Considerable difficulties are associated with having a clear failure model for basic interprocess communication and for the protocols built over it. In particular, students tend to associate communication errors with network failures. They should be encouraged to think about the usual cause of lost messages and carry out Exercise 4.3. They also tend to think that TCP is entirely reliable - they should study its failure model on page 139 and do Exercise 4.6.
The use of handles (for objects) in Java object serialization is tricky. See Exercises 4.10 - 4.11.
Remote object references are introduced briefly in Section 4.3.3 because they need to be passed in the request-reply protocol (they may cause problems for students without much experience of OOP). They are revisited in Chapter 5.
Although the request-reply protocol appears to be straightforward, students do not always appreciate the effort required by the protocol to ensure that an operation is performed at most once. This is important for Chapter 5.
The Java API provides students with a simple means of writing programs that use datagrams and streams. Many simple exercises can be built following on from Exercises 4.3-6. Students should be encouraged to see these two protocols as building blocks for higher-level protocols such as the request-reply protocol. See Exercises 4.12-16.

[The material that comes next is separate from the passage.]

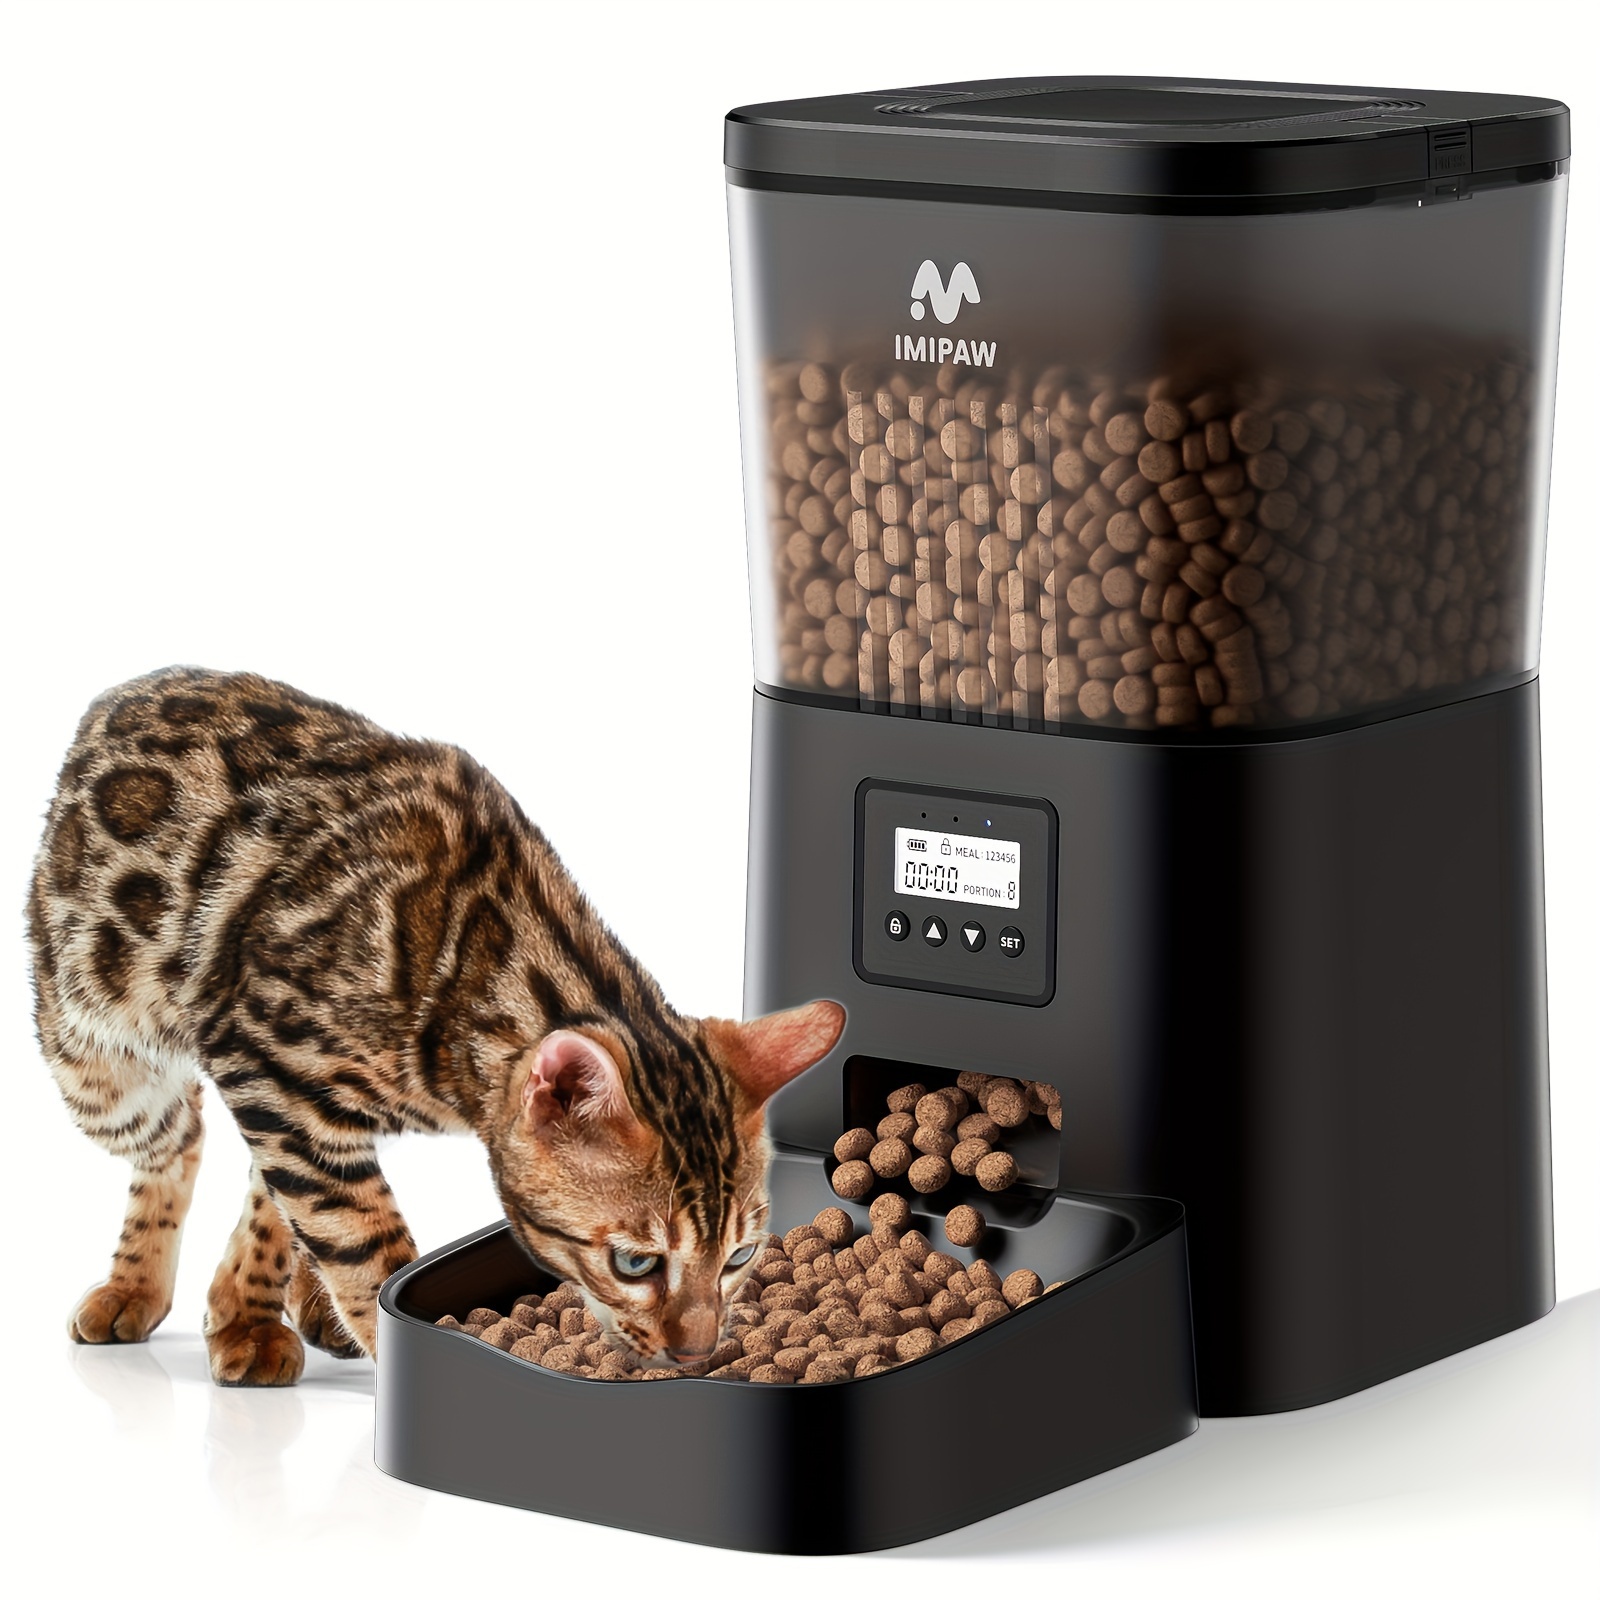 

Imipaw 4l Automatic Pet Feeder - Timed & Portion-controlled Cat And Dog Food Dispenser With Long-lasting Battery, Usb Compatible Portable Pet Feeder

Compare CORBA CDR with Java serialization, emphasizing the common requirement to represent primitive data types and programming data structures in messages. Point out that CORBA provides a language independent representation. In contrast Java serialization deals with objects and object references and includes type information.

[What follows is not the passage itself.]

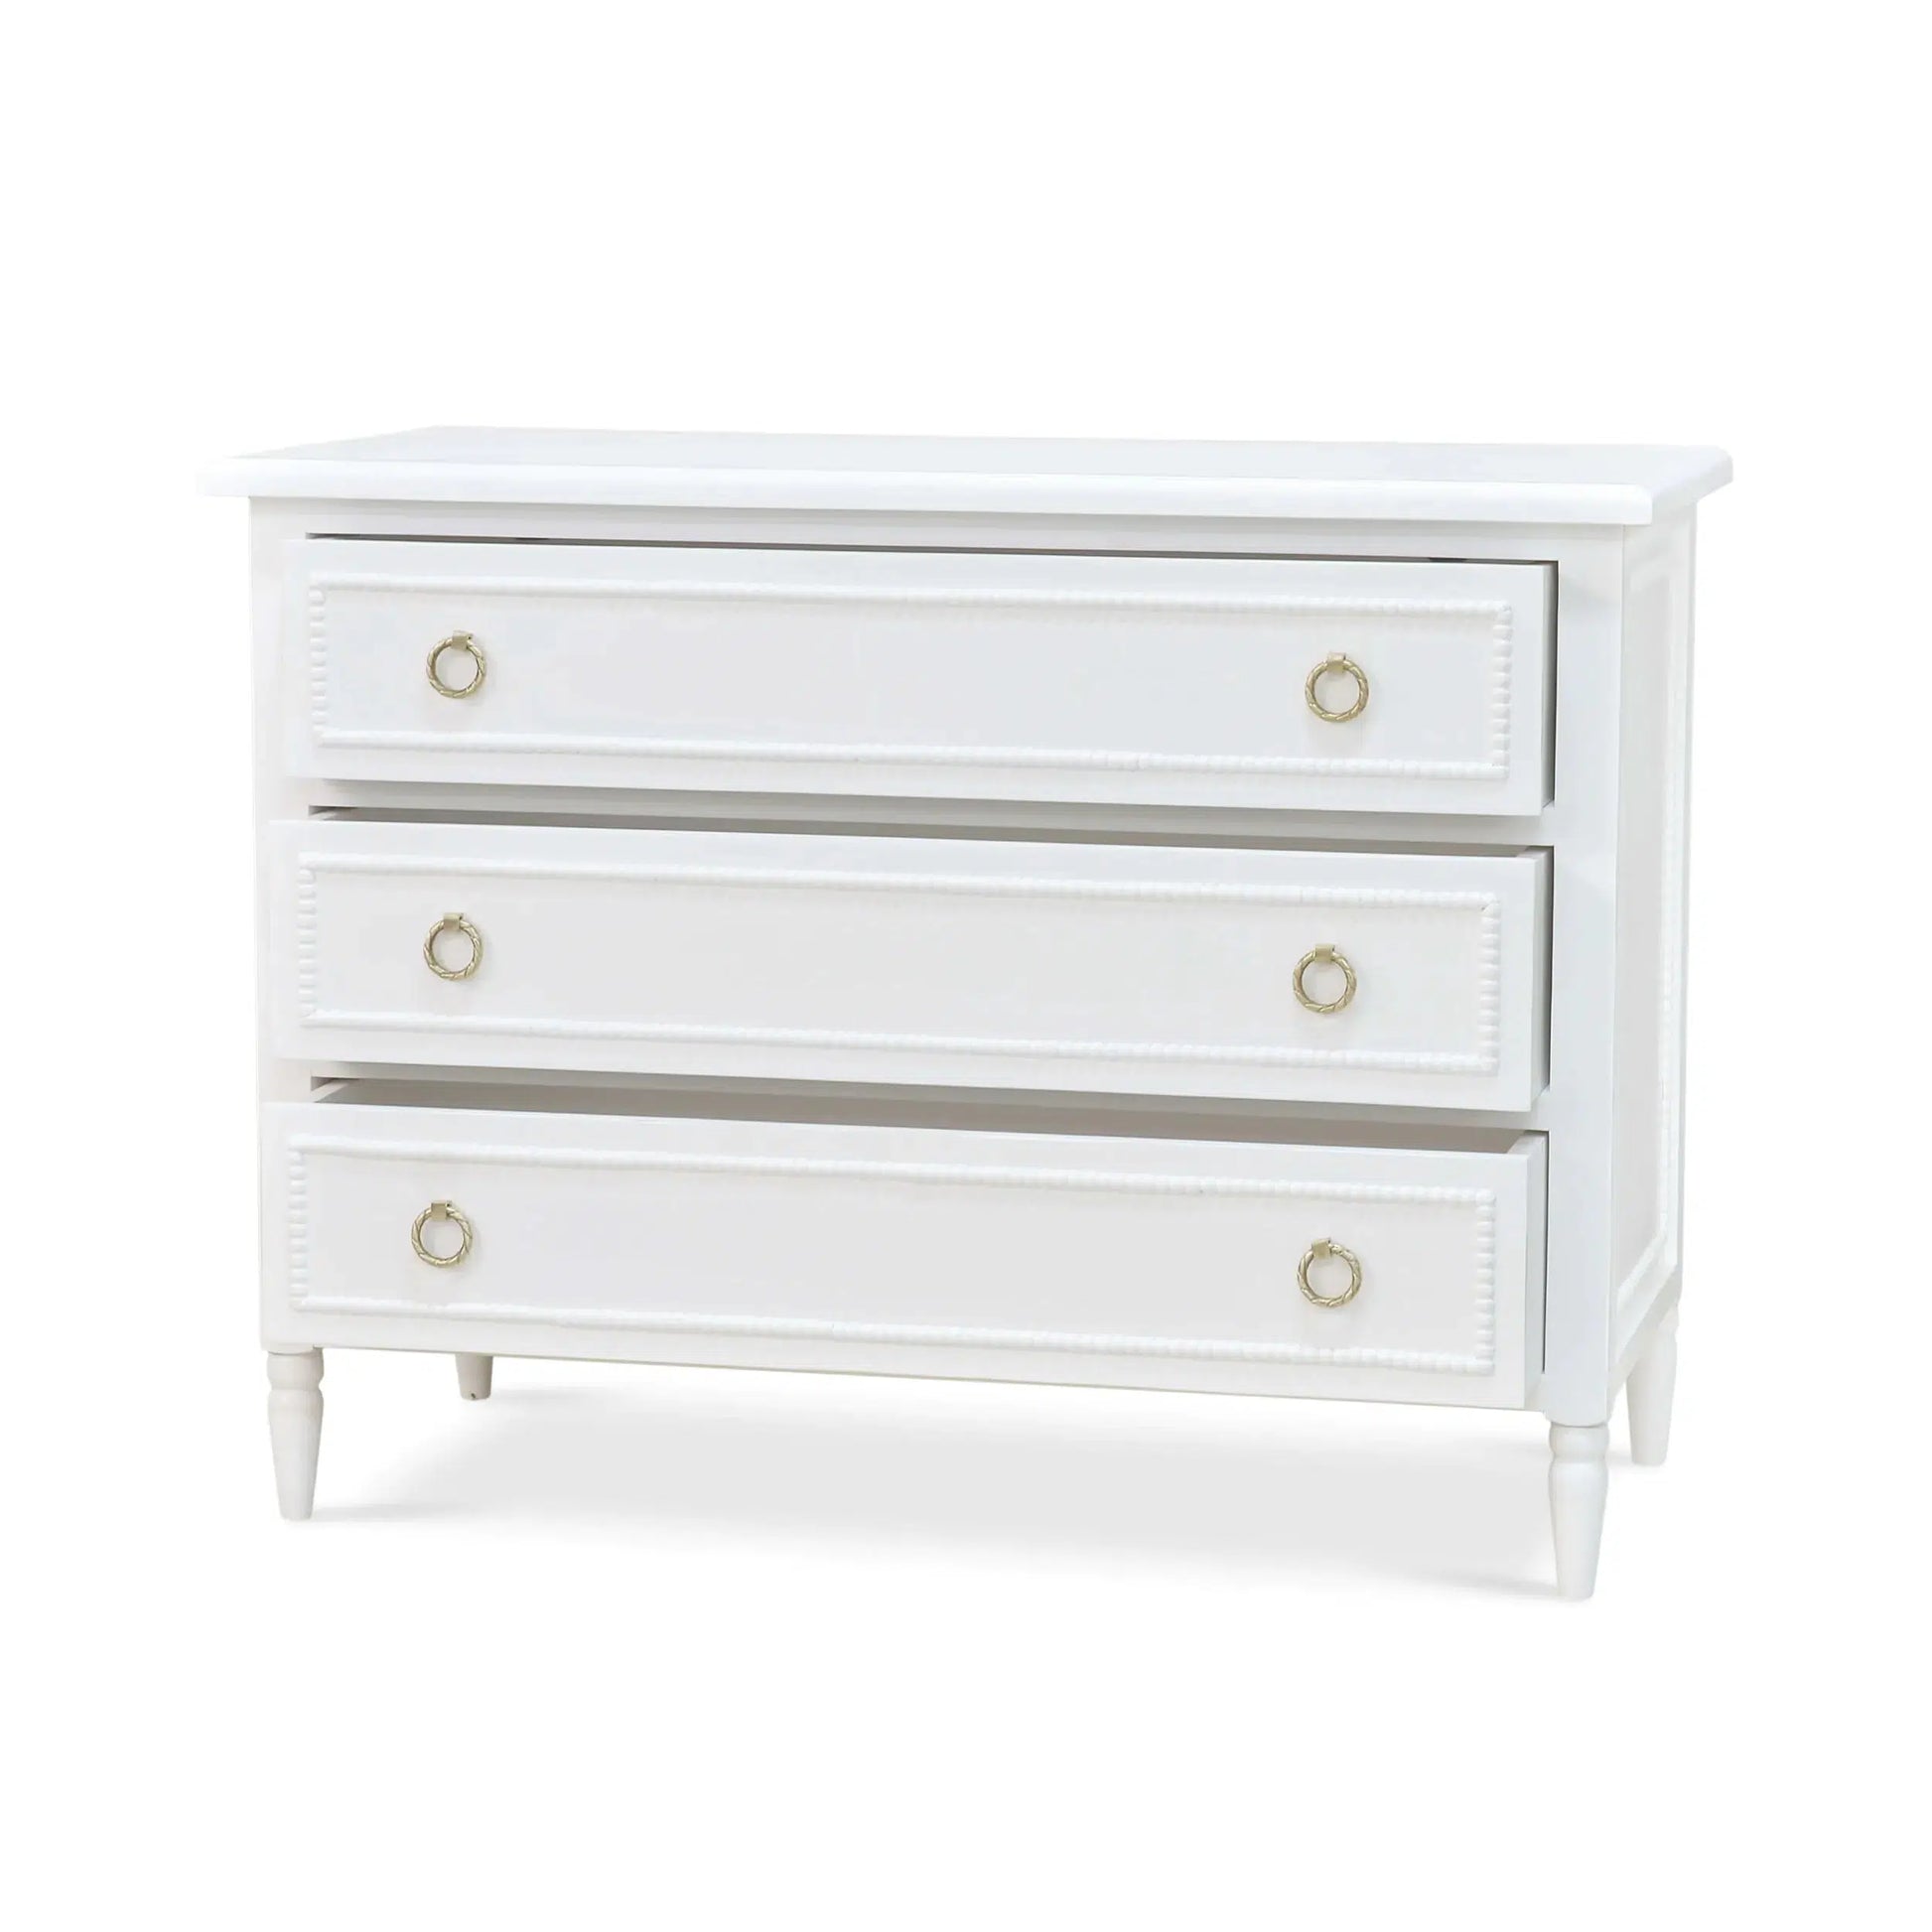 Cholet 3 Drawer Dresser In Architectural White-Blue Hand Home

Before teaching the request-reply protocol, discuss the structure of a local invocation, pointing out that the target object as well as the method and arguments must be specified. Extend this to the need to specify a remote object reference to the target object as well as the method and arguments. Consider the effects of client or server failing independently and of lost messages and then introduce the use of timeouts, re-transmission of request messages and the history.
For group communication, use IP multicast as an example of a useful protocol with a well-understood fault model. Introduce some applications that have stronger requirements on reliability and ordering.